The standard value of the metric is determined at S1030 based on the modified representative values. According to this example, the standard value is determined based on the mean, mode and median of the modified representative values. Assuming the reliability of the median and the mode is higher than that of the mean in a homogeneous data set, S1030 may comprise determining the mean of the median and the mode, i.e., V_std=mean(median(V_mod)+mode(V_mod)). The standard fluctuation value may be determined similarly at S1040 based on the modified fluctuation values, F_std=mean(median(f_mod)+mode(f_mod)).

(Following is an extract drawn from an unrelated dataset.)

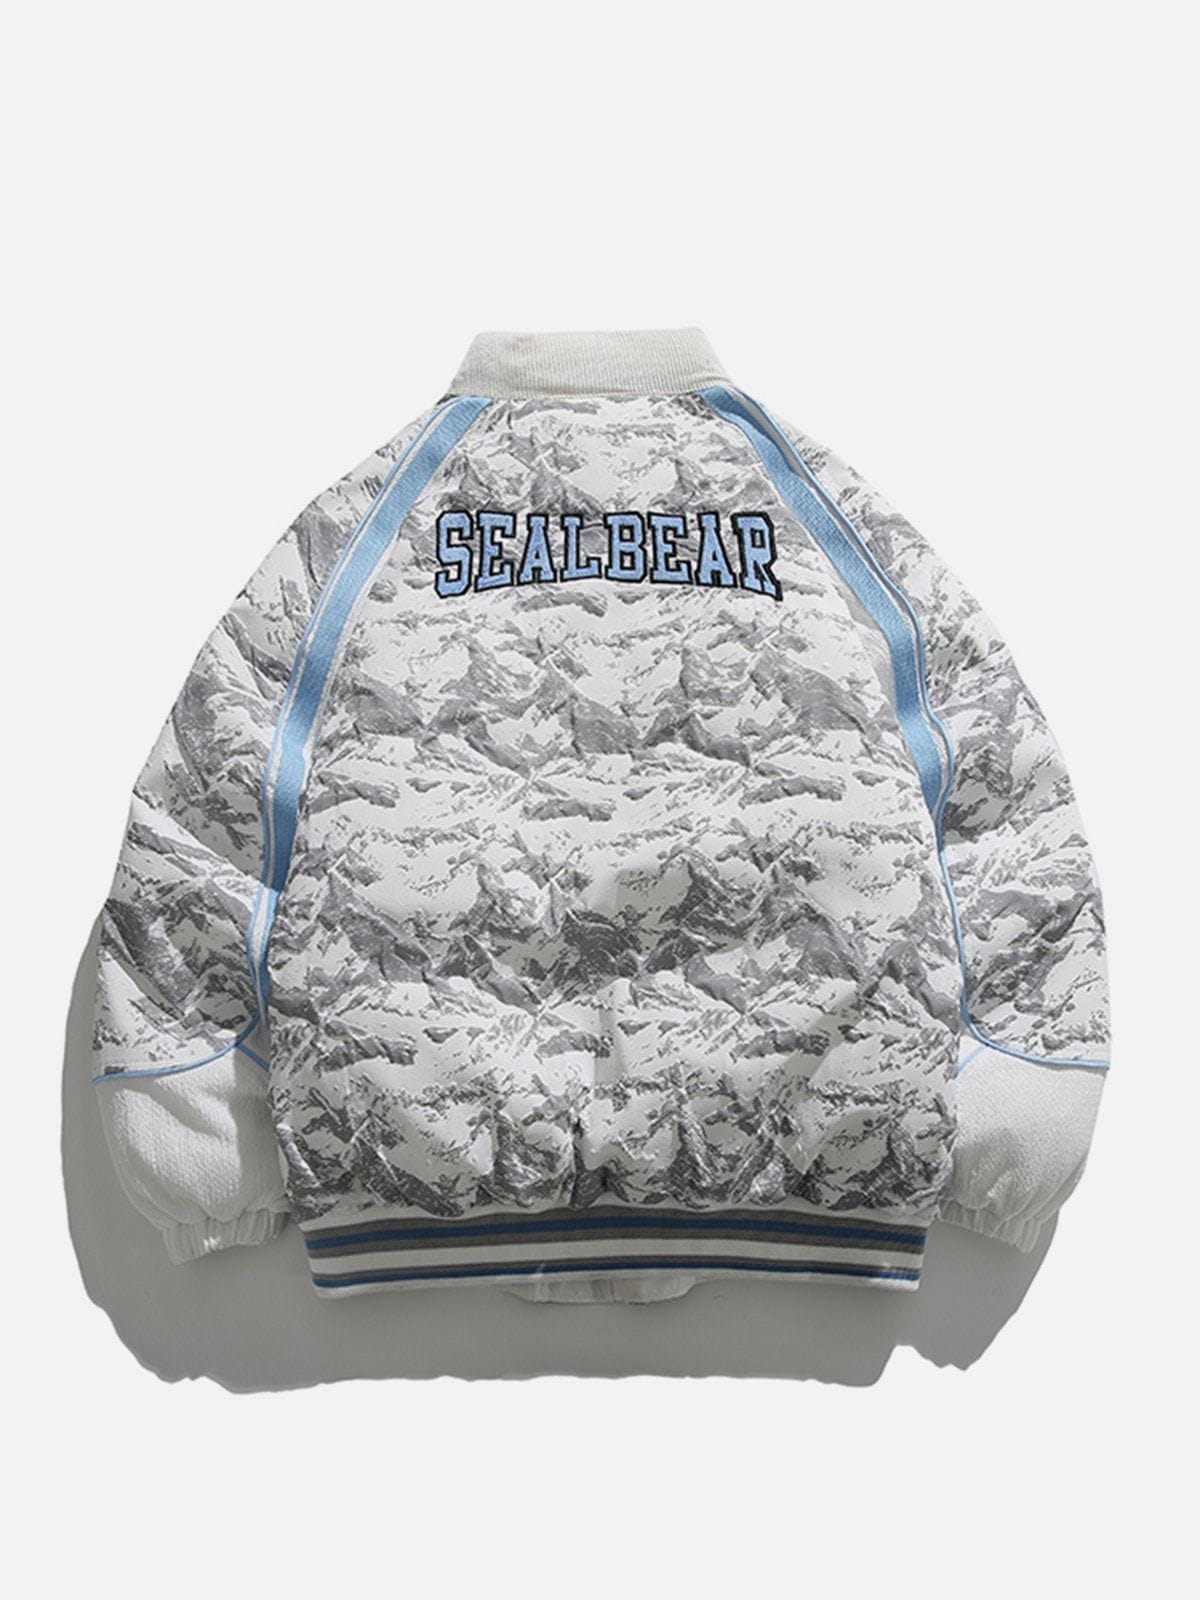 Sneakerland™ - Webbing Patchwork Winter Coat

Next, at S1050, a first difference is determined between the standard value and the representative value for each entity. S1050 may comprise determining an absolute value of a difference between the representative value of an entity and the standard representative value V_std. S1060 includes determination of a second difference between the standard fluctuation value and the fluctuation value for each entity, for example by determining an absolute value of a difference between the fluctuation value of an entity and the standard fluctuation value F_std. Table 1300 of FIG. 13 shows the first difference and the second difference for each of the plurality of entities, as determined at S1050 and S1060 based on the values of table 400 and standard values V_stdand F_std.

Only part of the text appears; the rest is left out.